Хомиш ничего не ответил, но мамуша уже его и не слушала, она уже пела свою любимую песенку радости и виляла юбкой, будто уже танцует:

— Печали нет и страха нет,

Когда цветет радостецвет.

Покроет радость, как эфир,

Весь верхний мир,

Весь нижний мир.

Нет зла, болезней, нет вражды,

Когда в полях цветут цветы…

Хомиш смотрел, как мамуша теперь легко, не по ее годам, перемещается по кухне между добротным обеденным столом, шкафчиками цвета молодой травы и расписным буфетом, на котором птицы и лалани пританцовывали вслед за приободрившейся Фло Габинс.

Ее юбка уходила влево, и она лихо поддевала крышечки пузатых звонких баночек.
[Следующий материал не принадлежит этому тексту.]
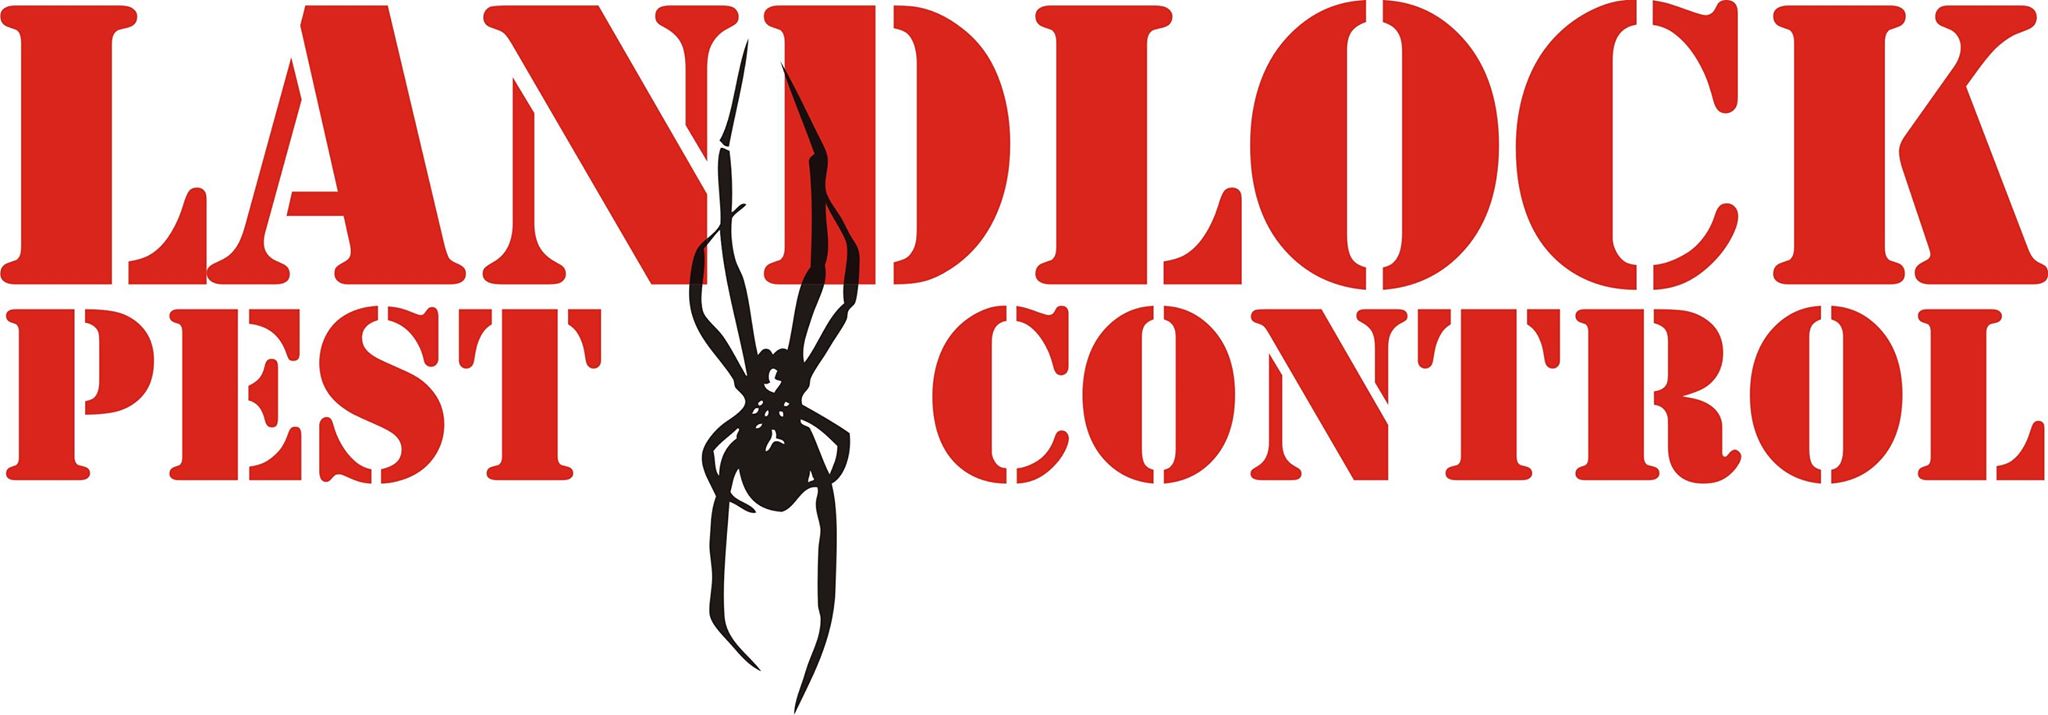 Landlock Pest Control, Inc. Logo

Ее юбка улетала вправо, и она порхающими движениями доставала и перемешивала листики, цветки, стебли, бутоны, ягоды.

Хомиш обожал наблюдать. Он не впустую глядел, как иные муфли. Он видел. А ты ведь догадался уже, мой дорогой читатель, что глядеть и видеть — не одно и то же.
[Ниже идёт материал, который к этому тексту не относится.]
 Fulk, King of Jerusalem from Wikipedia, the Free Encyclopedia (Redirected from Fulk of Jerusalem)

Муфель Хомиш любил следить за тем, как засыпают радостецветы, как открываются под его внимательным взглядом радостениевода новые растения. Как мамуша готовит свои чаи и записывает самые удачные рецепты в толстую, уже покрывшуюся цветом старости книгу.

Он замечал, что у всего есть свой цвет: у детскости, молодости, старости. У муфлей, растений, глифов, земли.

У рождения, расцвета, умирания.

У мамушиных одежд тоже был свой цвет. Для приготовления завтраков она надевала белый фартук. Для работы с отварами да чаями — зеленый в цветочек. Для праздников у мамуши было особое розовое платье.

И у муфлей свой цвет. Точнее, два цвета. Фиолетово-сиреневый и бесцветно-серый.

Фиолетовые, сиреневые — это все честные, светлые и добрые муфли, живущие чинно да по муфликовым законам.

А стать бесцветным для муфля страшнее страшного.

Стать бесцветным — это практически значит для муфля то же самое, что и сгинуть.

Хомиш вернулся из своих мыслей, тревога окончательно покинула его сердечко, и он уже хотел пойти в оранжерею, но дверь распахнулась, и в комнату ввалился папуша. Довольный, громкий и грязный. Веточки в охапках зашелестели приветственно, а края мамушиных губ и ушек поднялись вверх.

— Стоит произнести «эль», и Фио здесь как здесь! — вместо приветствия произнесла мамуша.

— Моя Фло варит эль! Ой-ля-ля! — Папуша Фио всегда заполнял собой любое пространство, в котором оказывался. Вот и сейчас он будто не землю и грязь занес на сапогах, штанах и кожаном жилете, а вернул в жилище вместе с предвкушением праздника что-то легкое и игриво посверкивающее, как ночные огоньки. — Флошечка наварит эля? — потер лапы и подкрутил правый ус Фио Габинс, скинул сапоги и прищелкнул языком.

— Заходи шибче, Фио. Будет скоро и эль, — расплылась в улыбке мамуша Фло. — Но! — она подняла указательный палец вверх. — Эль для праздника.

— Эль! — приобнял мамушу Фио. — Расчудесно, Фло! Верно, праздник будет особенным. — Где бы ни заходила речь об эле, папуша Фио всегда появлялся в тот самый момент. Как если бы слово «эль» было каким-то заговорным словом, которое вызывало сразу и папушу. — Фло, моя дорогая! Что за славная моя Фло!

— И даже теперь повторяю — эль для праздника.

— А разве сейчас не праздник? Всегда, когда я вижу свою женушку, для меня это праздник.

Мамуша прыснула, и ее шкурка приобрела розовато-алый оттенок. Она прижала ушки и громко чмокнула папушу в щеку, а Хомиш со спокойным сердцем удалился заниматься всеми теми удивительными цветами и растениями, что обнаружил во время своего путешествия.